Fig. 5: Positive and negative regulators of the MAPK pathway exhibit synergistic dependencies in NRAS-mutant melanoma.
figure 5

a Manhattan plot of FDRs corresponding to GEMINI synergy scores and color-coded by the LFC of dependencies for paralog pair knockouts in IPC298. The dotted line represents the FDR of 1e-3. b Scatter plot of GEMINI synergy score and LFC of dual knockout in IPC298. Curated paralog pairs of the MAPK pathway are annotated by red dots. Pan-essential paralog pairs or genes are annotated by blue or yellow dots, respectively. c LFC of single or combinatorial gene knockouts of paralog pairs associated with MAPK signaling pathway in IPC298 (n = 3 biological replicates; 6 independent sgRNAs per gene and 18 independent sgRNA combinations per gene pair). The centerline, lower hinge, and upper hinge correspond to the 50th, 25th, and 75th percentiles, respectively. The upper and lower whiskers extend from the upper and lower hinges to the largest and smallest values no further than 1.5 * IQR (interquartile range). Source data are provided in the Source Data File.

As the MAPK signaling pathway is composed of paralog redundancies at multiple nodes, we next explored the synergistic dependencies observed in IPC298 harboring NRASQ61L mutation. As expected, we identified members of the pathway including RAF (BRAF-RAF1), MEK (MAP2K1-MAP2K2), ERK (MAPK1-MAP3), and RSK2 (RPS6KA1, RPSKA3, and RPS6KB1) family exhibiting synergistic dependencies (Fig. 5b, c). In addition, we also observed paralogs that negatively regulate the pathway, including the 14-3-3 genes (YWHAE-YWHAZ), MEK phosphatases (PPP2CA-PPP2CB), and ERK phosphatases (DUSP4-DUSP6), displaying synergistic dependencies through hyperactivation of the pathway (Fig. 5c)10,24,25. These data suggest that both pan-lethal gene pairs, as well as selective essential gene are robustly found in these screens. It is notable that BRAF/RAF1 are essential in the NRAS-mutant setting as highly selective dual BRAF/RAF1 inhibitors have enter clinical trials in both the BRAF-mutant resistant setting and in the setting of NRAS-mutant tumors26.

Discussion

In this study, we assessed the robustness of ten pooled dual-knockout systems and found that combinations of alternative spCas9 tracrRNAs (VCR1-WCR3) are associated with superior performance in both the single-gene and combinatorial dropout screens. The improvements can be attributed to several aspects including sgRNA design and the more divergent tracrRNA sequences between the two sgRNAs.
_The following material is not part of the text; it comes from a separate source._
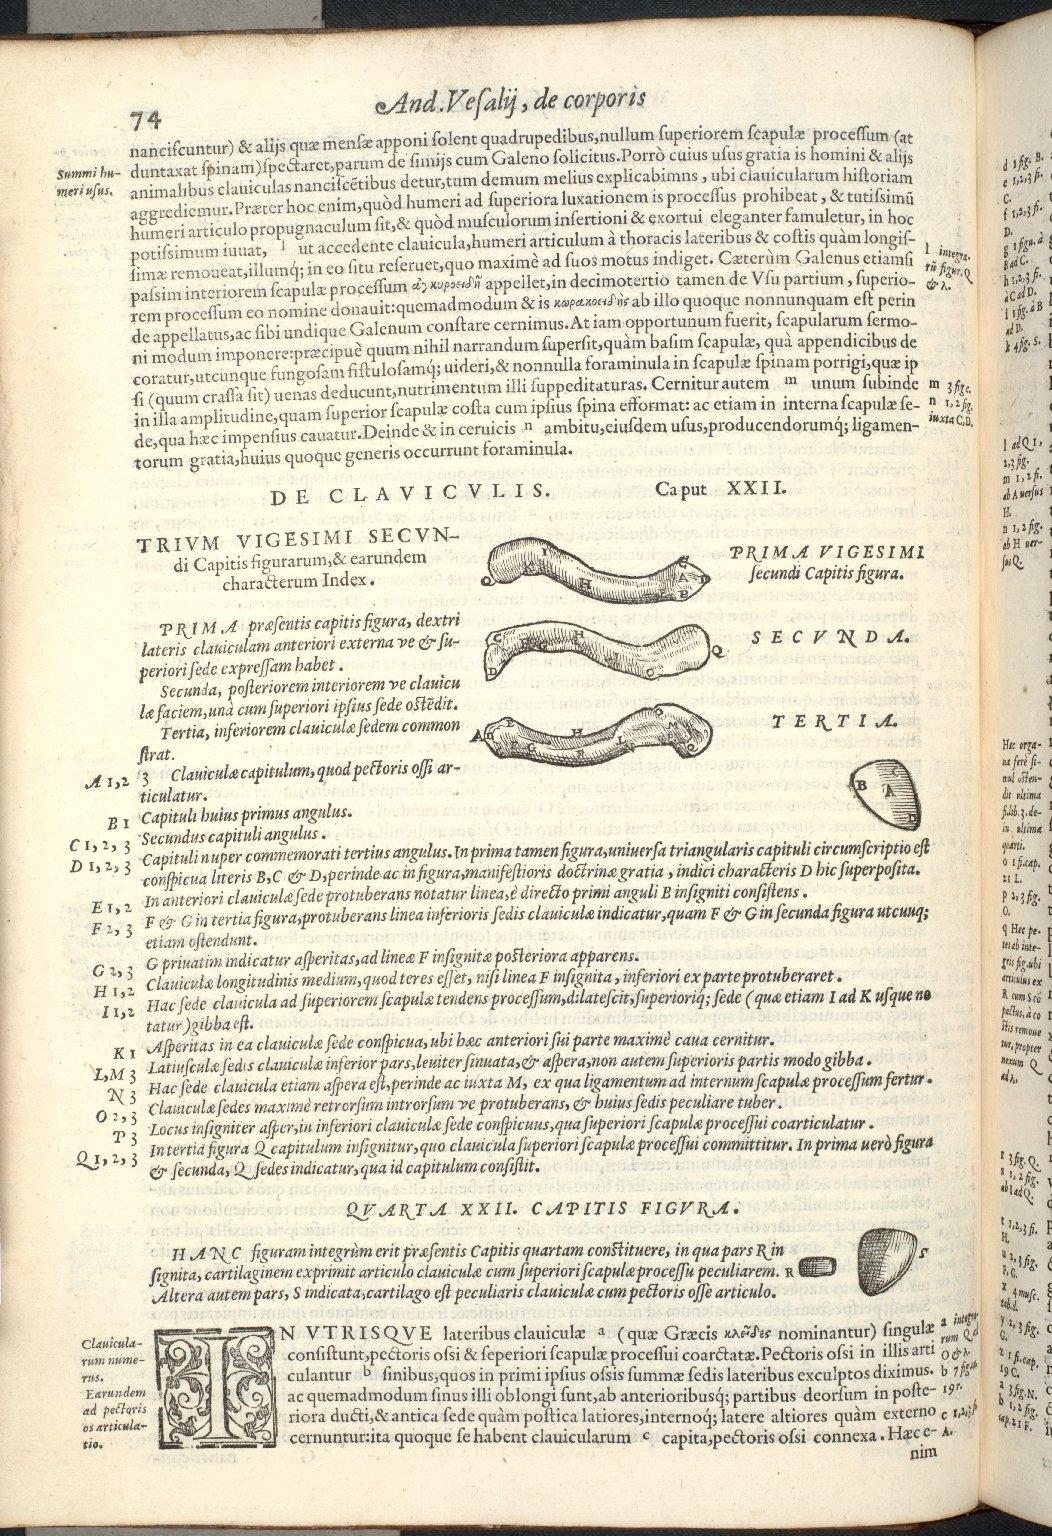 De claviculus. Caput XXII. Fig.I-IIII

While single-gene CRISPR libraries can tolerate some level of poor-performing sgRNAs, as long as a majority exhibit consistency for individual genes, combinatorial libraries are less tolerant of poor-performing guides as individual sgRNAs are utilized multiple times. For example, in our library design, if three out of twelve sgRNAs between the two genes were ineffective, we observe a bifurcation of the dataset amongst the dual knockouts. To this end, although various sgRNA prediction tools are improving, utilization of “pre-validated” sgRNAs selected from hundreds of pooled genome-scale CRISPR-Cas9 screens resulted in better performance27. We expect additional data from gene tiling screens would additionally improve future sgRNA designs22,28.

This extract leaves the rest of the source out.